Given data —
⁂

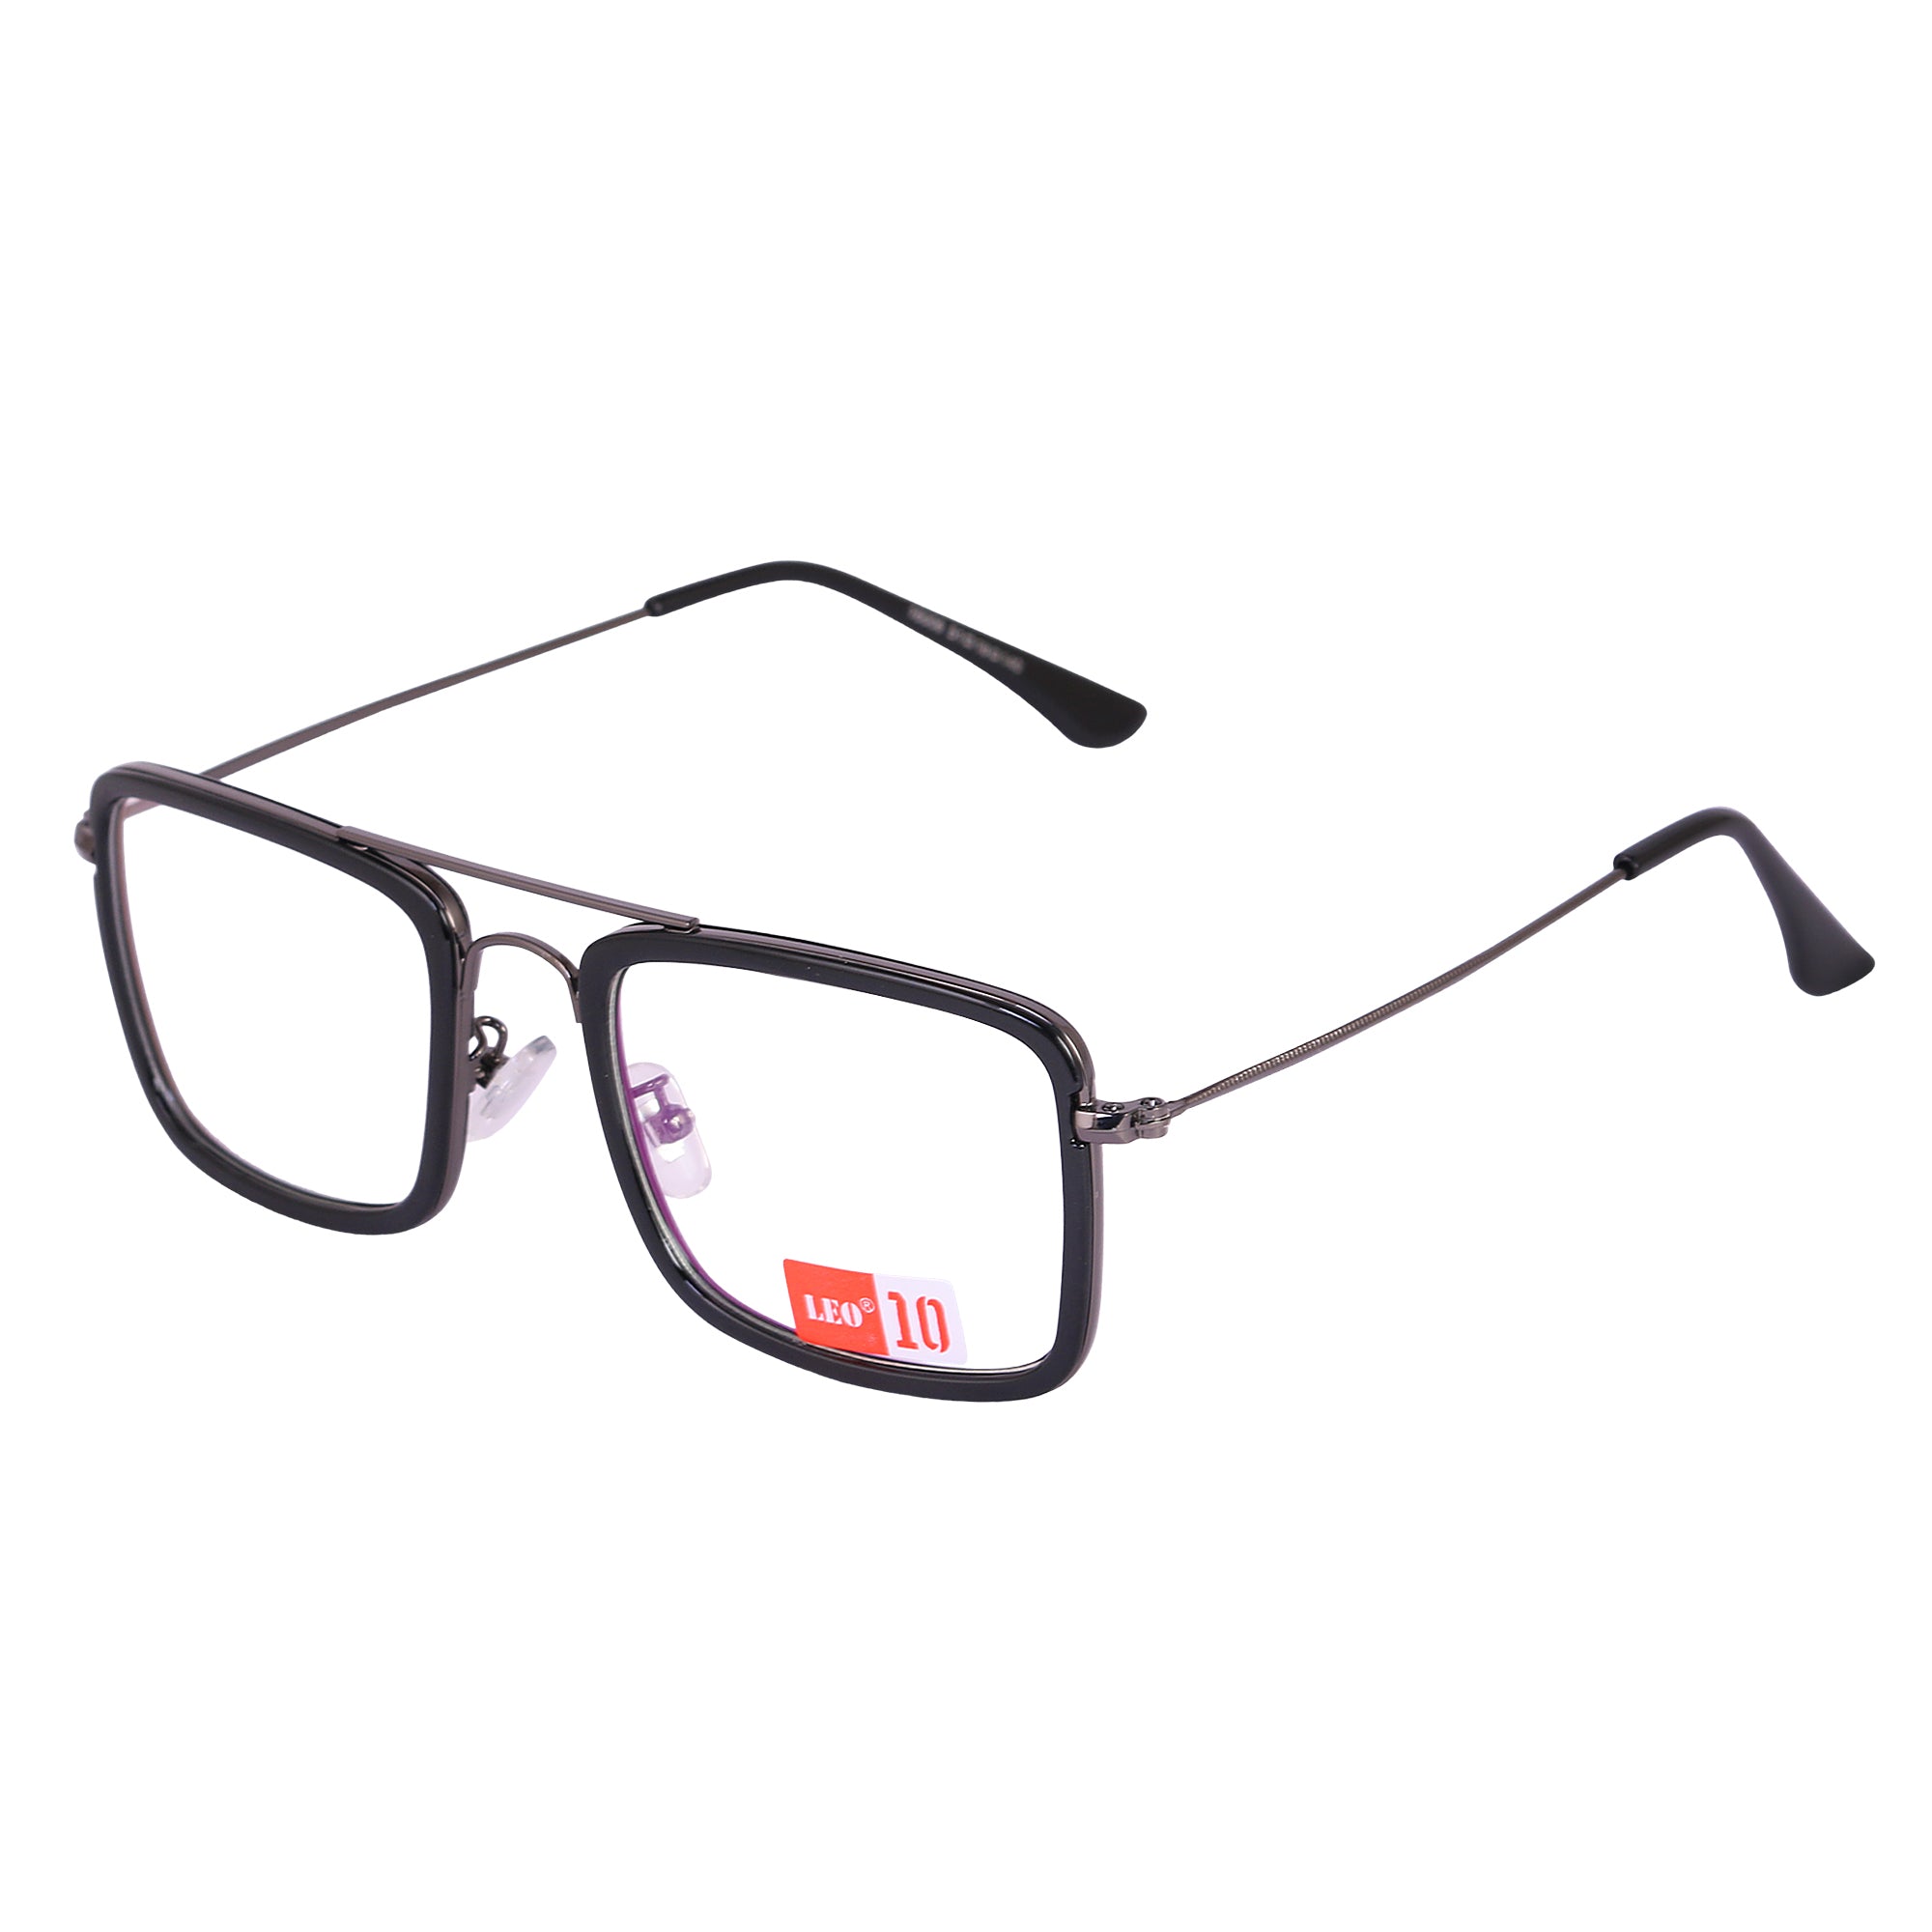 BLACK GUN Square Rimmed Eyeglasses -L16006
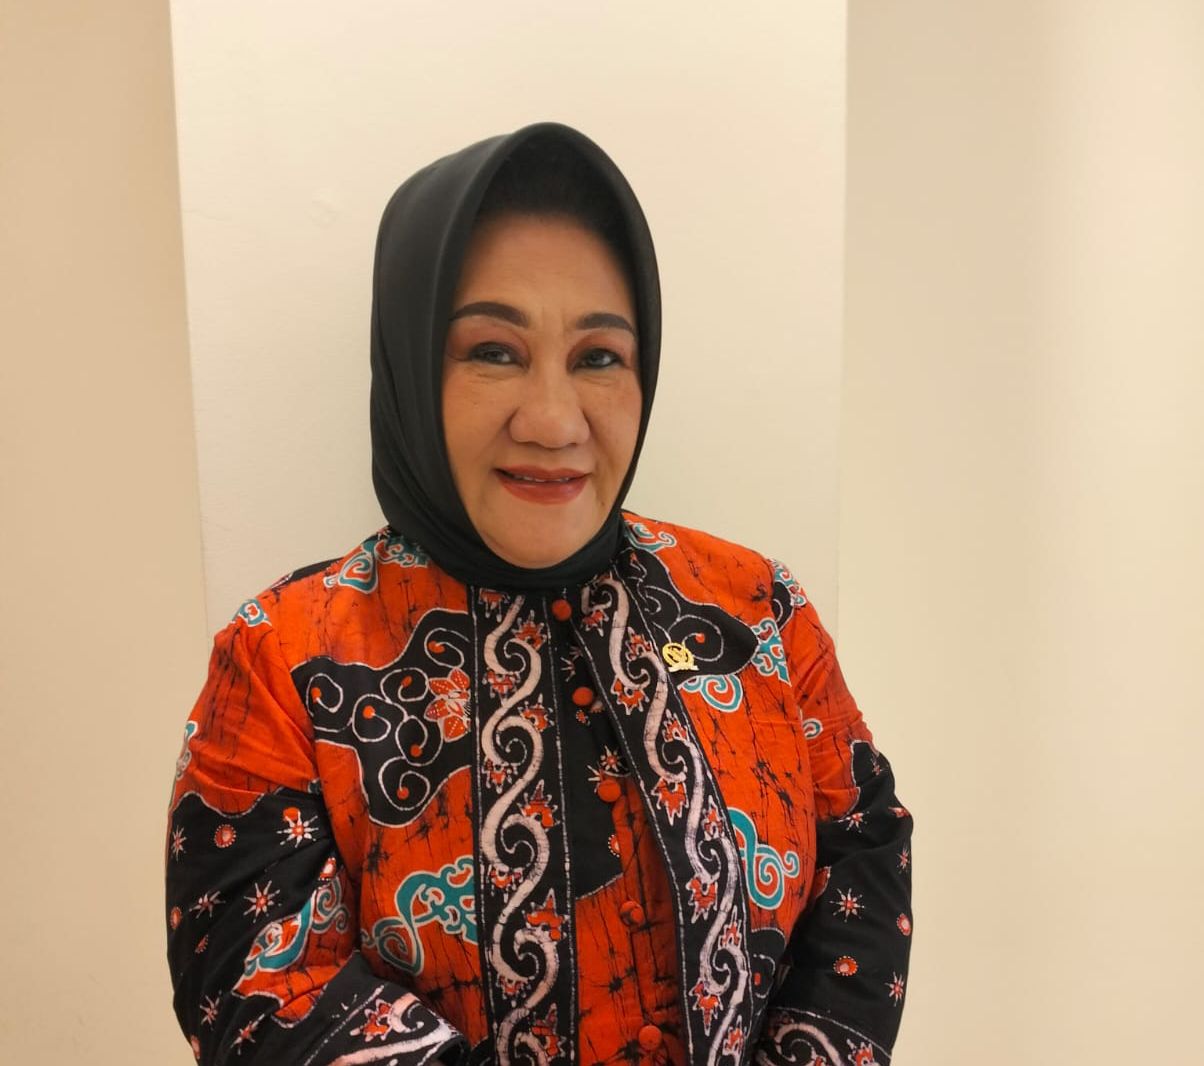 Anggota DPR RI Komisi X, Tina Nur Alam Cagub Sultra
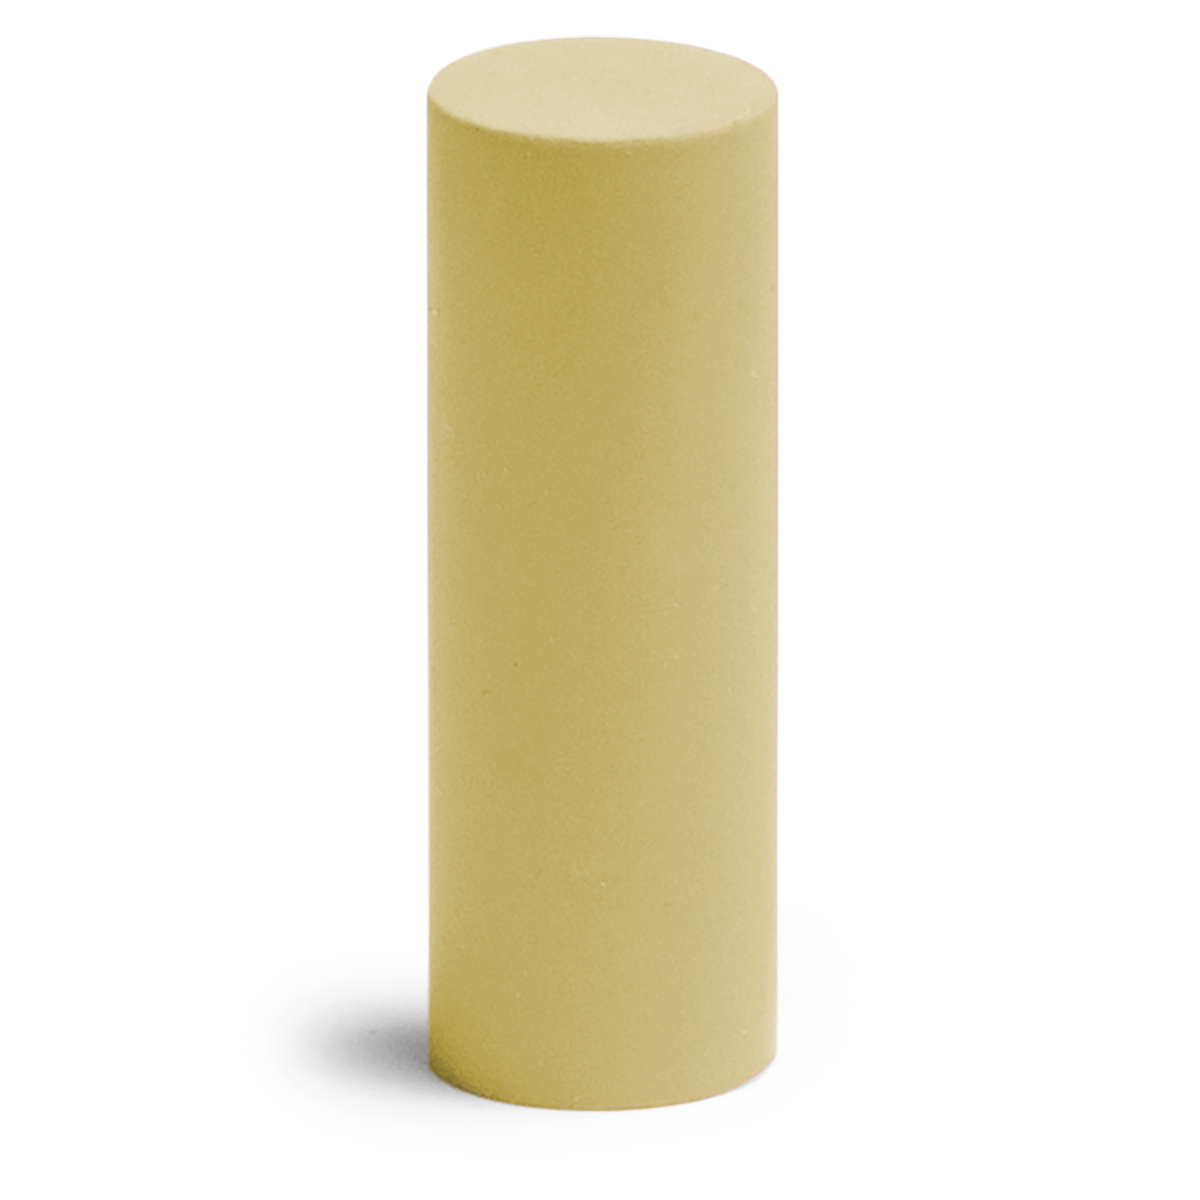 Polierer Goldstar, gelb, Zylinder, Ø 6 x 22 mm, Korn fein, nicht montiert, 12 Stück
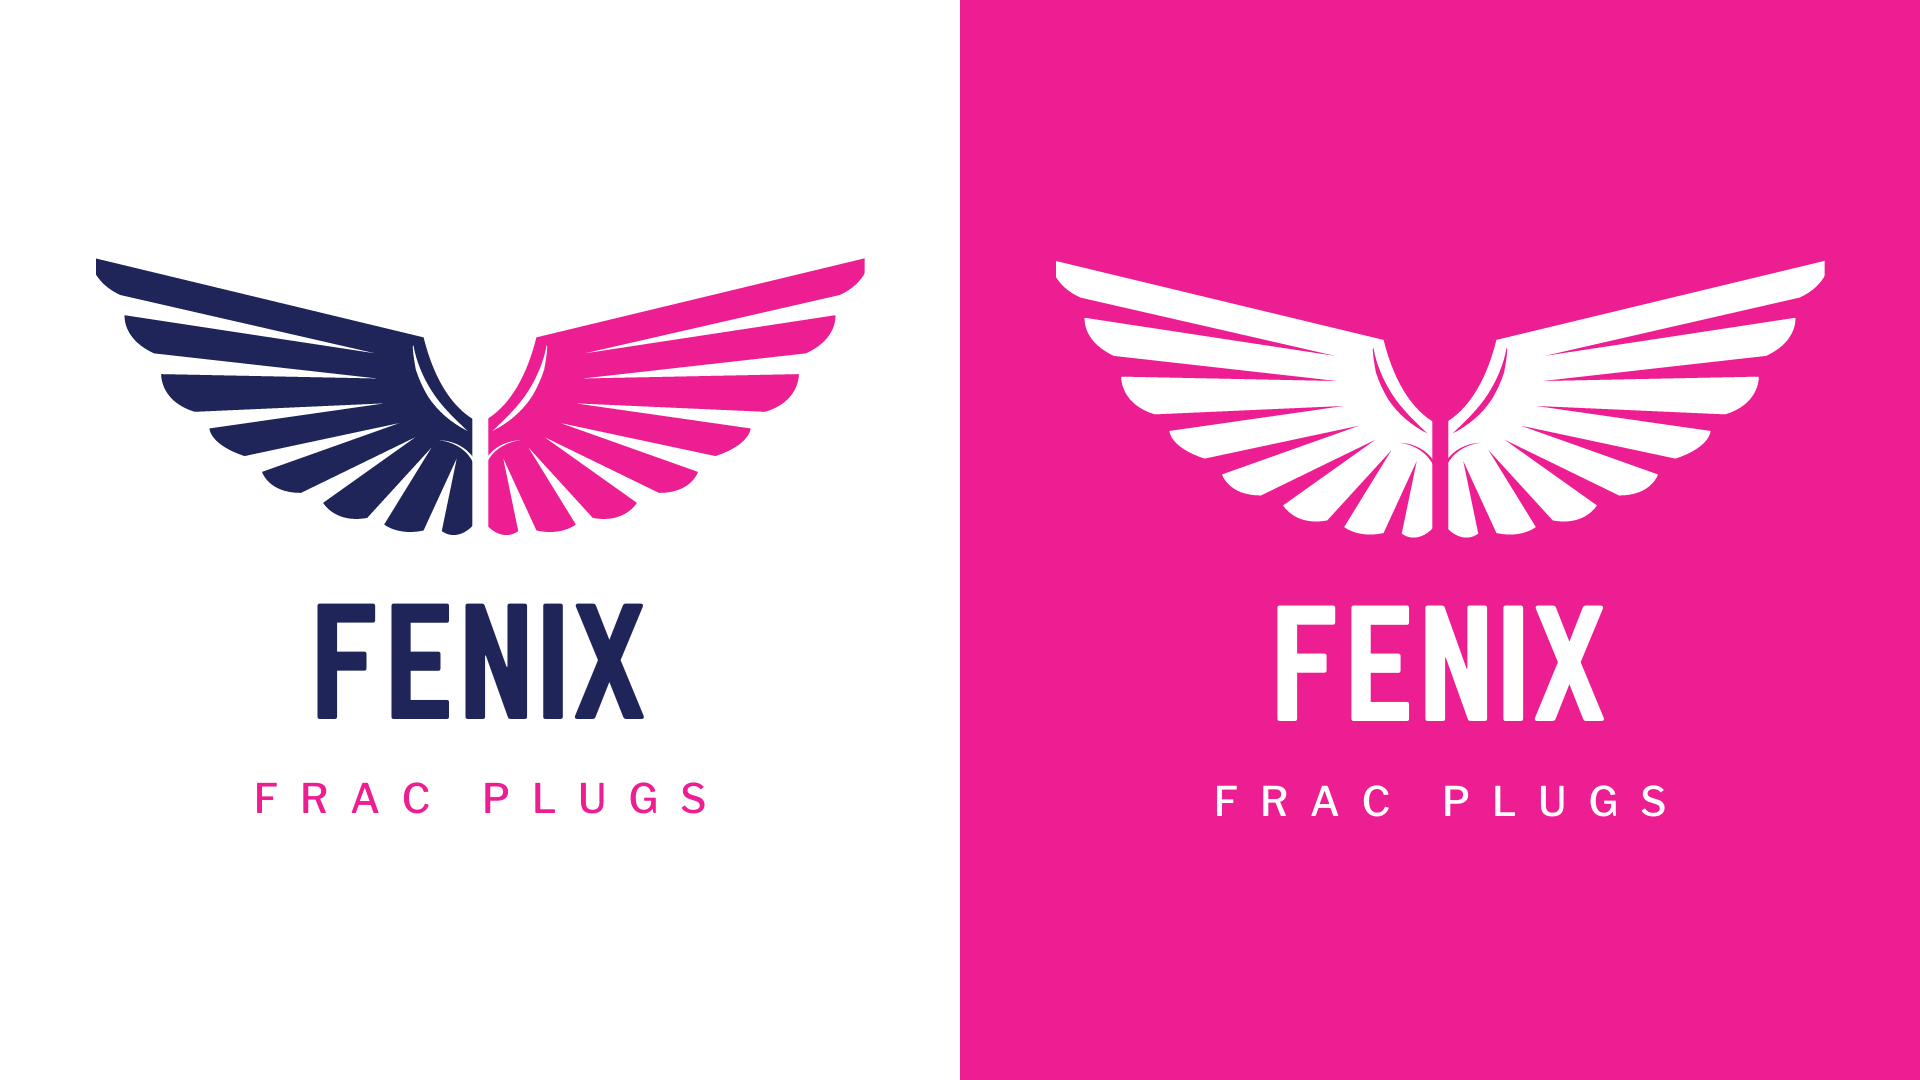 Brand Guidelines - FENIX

⁂

What the task requires — What is needed is an exact reproduction of the data, pictures excluded.

Your solution —
 BLACK GUN Square Rimmed Eyeglasses -L16006
 Anggota DPR RI Komisi X, Tina Nur Alam Cagub Sultra
 Polierer Goldstar, gelb, Zylinder, Ø 6 x 22 mm, Korn fein, nicht montiert, 12 Stück
 Brand Guidelines - FENIX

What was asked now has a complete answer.